We assume that, if this case had arisen prior to the 1951 amendment, no one would contend that respondent was an employee of the county. The allotment for nursing care then would have been paid to the recipient as part of her old-age assistance grant, and respondent in turn would have had to look to Mrs. Birmingham for payment. The obvious purpose of the amendment was to make certain that those who rendered the type of service mentioned in the statute actually would receive the payment allotted to the recipient for that purpose. Payment directly to the person rendering such service is no evidence establishing a relationship of master and servant between the board and the payee. It is simply a method of providing that the money allotted for a specific purpose goes to pay for the service for which it is allotted. The whole allotment is still charged to the account of the recipient and carries with it all the obligations and liabilities incident to any other part of the grant.
The evidence in this case does not establish that respondent was an employee of the Hennepin County Welfare Board.
Reversed.

M. S. A. 393.01.

M. S. A. 393.07.

 42 USCA, § 301, et seq.

State ex rel. Hennepin County Welfare Board v. Fitzsimmons, 239 Minn. 407, 58 N. W. (2d) 882.
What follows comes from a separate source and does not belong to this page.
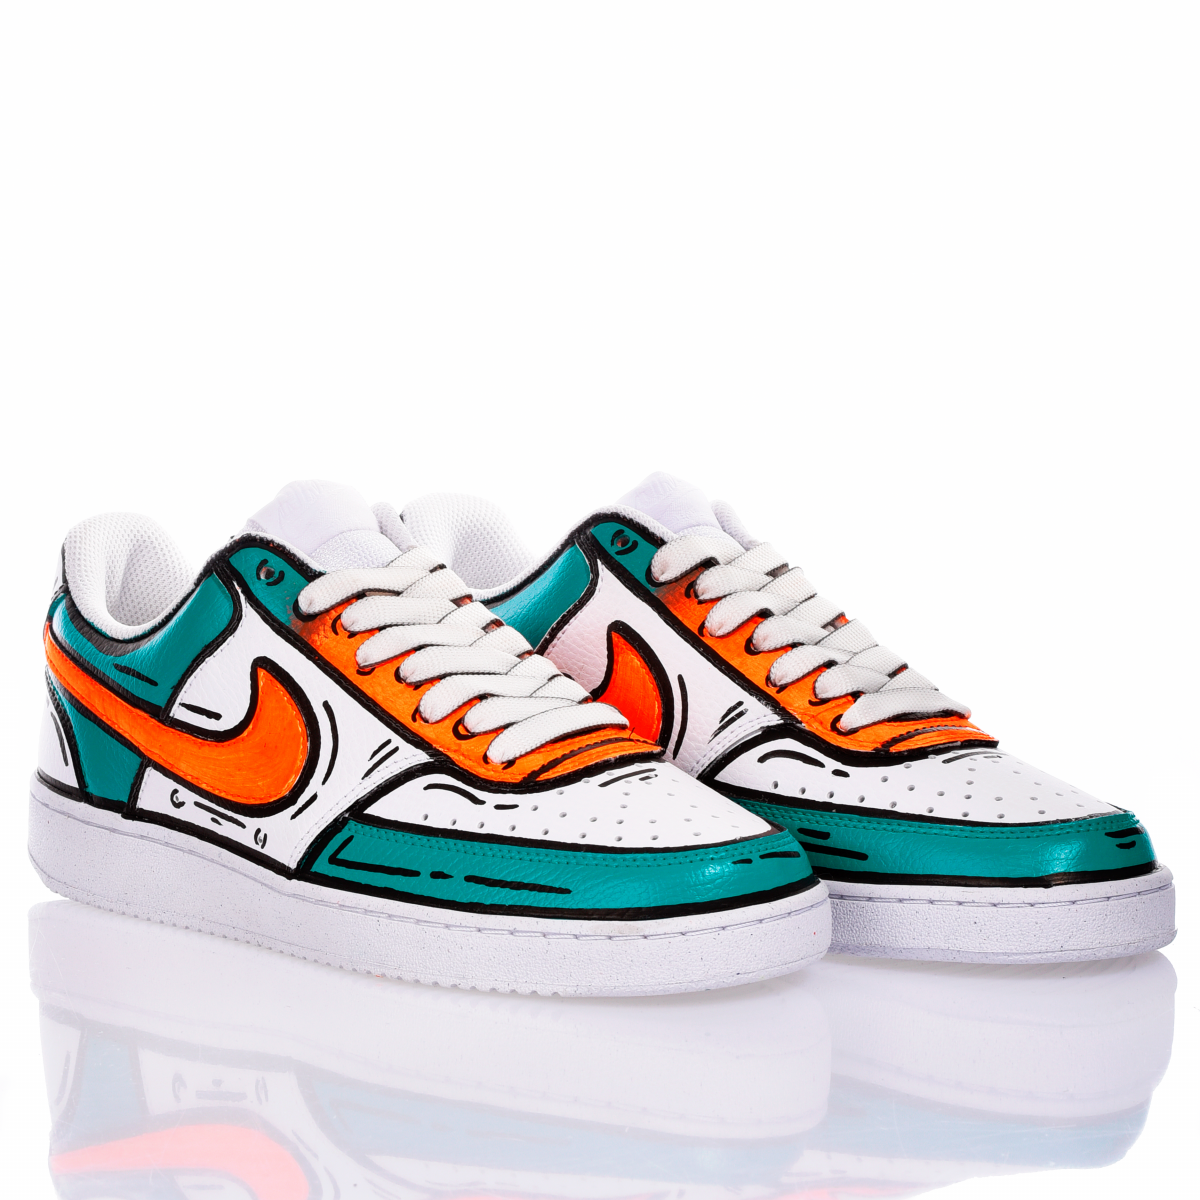 Nike Comics Ottanio Air Force Vision Special

Gardner v. Board of Co. Commrs. 21 Minn. 33; True v. Board of Co. Commrs. 83 Minn. 293, 86 N. W. 102; State ex rel. Erb v. Johnson, 98 Minn. 17, 107 N. W. 404.

See, Minn. St. 1941, § 256.15.

Minn. St. 1941, § 256.15, subd. 3, read:
“While a recipient is receiving old age assistance he shall not receive any other relief from the state or from any political subdivision thereof except for medical, dental, surgical, or hospital assistance or nursing care.”